= Paola Navone =

Italian designer

Paola Navone is an Italian architect and designer. She was born 1950 in Turin, Italy.

==Early life and education==
She grew up in Turin and went on to study at the Polytechnic University in the city and graduated in 1973. While she was there she studied architecture and after moved to Milan to start her life as a designer.

==Career==
Paola Navone has worked in many creative industries as an architect, product designer, business consultant, interior designer, shop and restaurant designer, exhibition and event organizer, lecturer and teacher. She is a self-proclaimed work addict with many skills and passions. Her clients have included Driade, Swarovski, Abet Laminati, Casamilano, Alessi, Knoll International, Cappellini, Roche Bobois, Armani Casa, Martinelli Luce, and Habitat. From 1970-1980, she made her way up by working alongside Alessandro Mendini, Ettore Sottsass Jr, and Andrea Branzi in a group called Alchimia.
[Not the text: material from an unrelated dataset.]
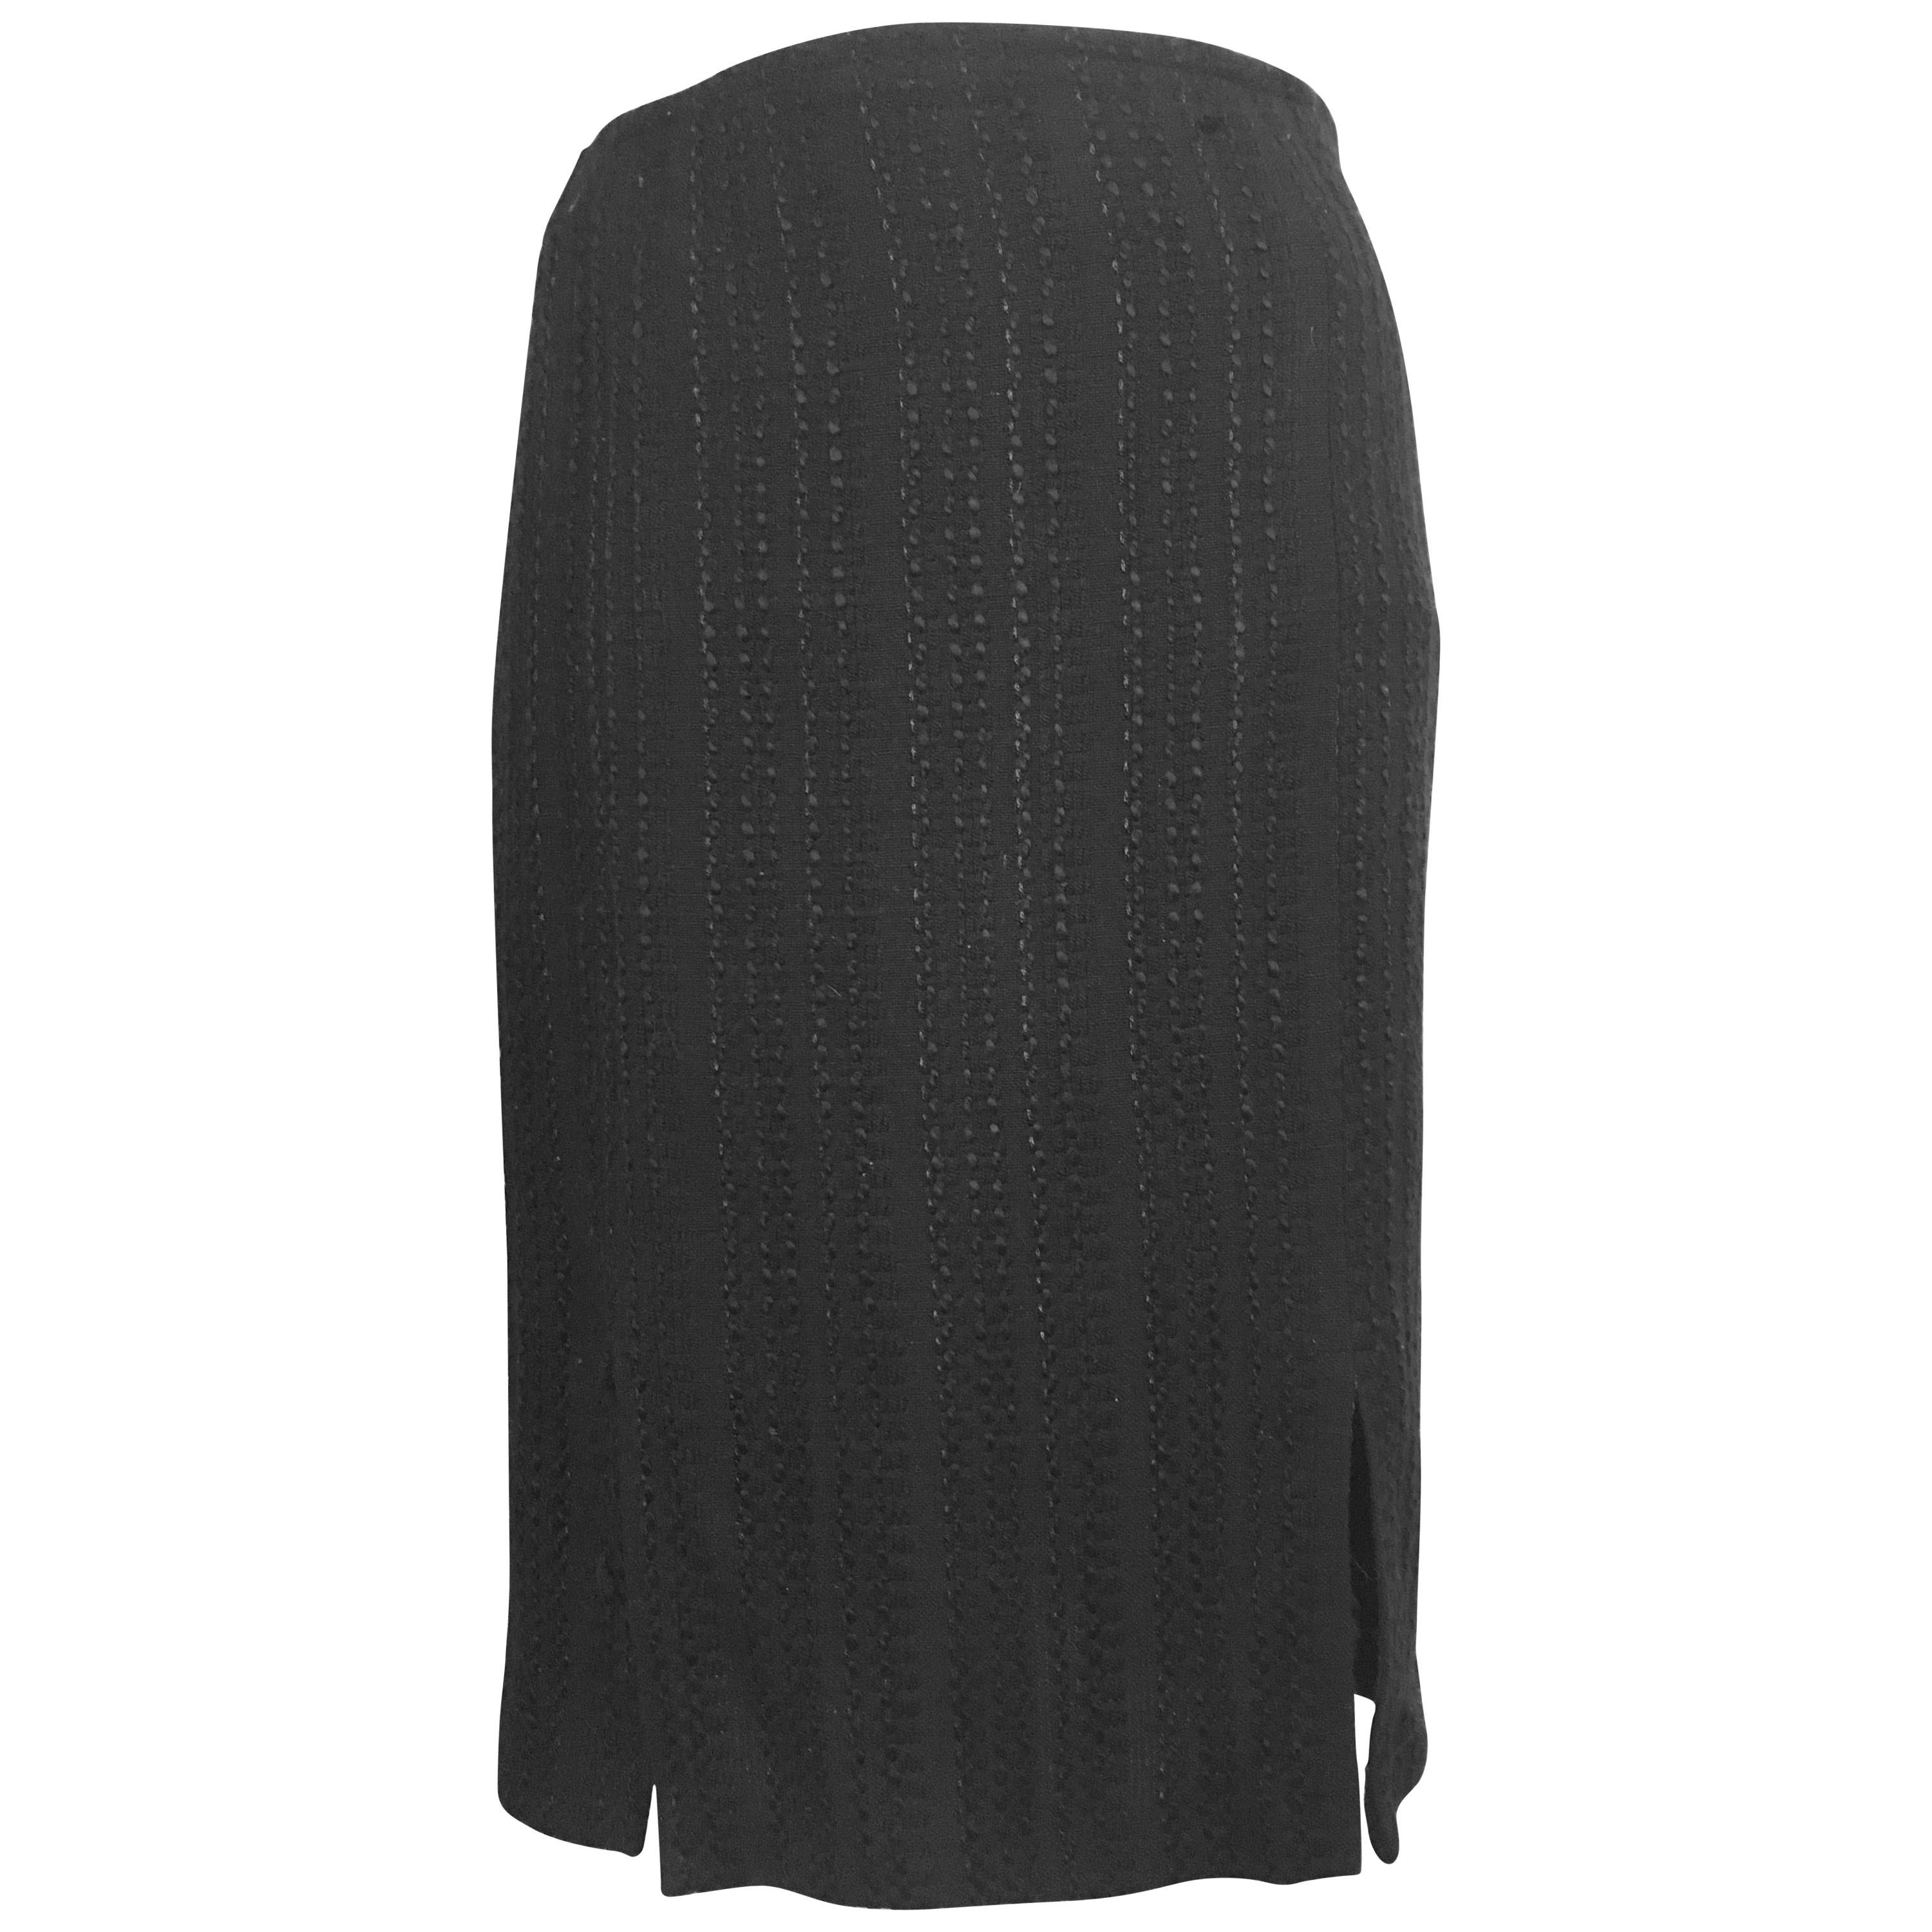 Pierre Cardin 1990s Black Skirt Size 6. For Sale

Navone has always had a disregard for convention, which she developed during her time with the 'antidesign' rebels led by Mendini and Sottsass. 'It was crazy, what we did. Working like mad to produce the utterly useless,' she says. 'But it was a catalyst. It produced a lot of energy and gradually, much later, our inventive thinking has been absorbed by industry.'

In 1983, she won the prestigious Osaka International Design Award for Abet Laminati. She was supposed to enter only one design but instead she entered 50 because she could not pick just one. In her later works, she has collaborated with Crate & Barrel and Anthropologie.

In 2023 she organised an exhibition titled Take It Or Leave It at the annual Milan Furniture Fair. The unusual show presents hundreds of objects and curiosities selected by the designer to be distributed to the holders of a winning ticket thus transforming each object through "a radical form of upcycling and reuse."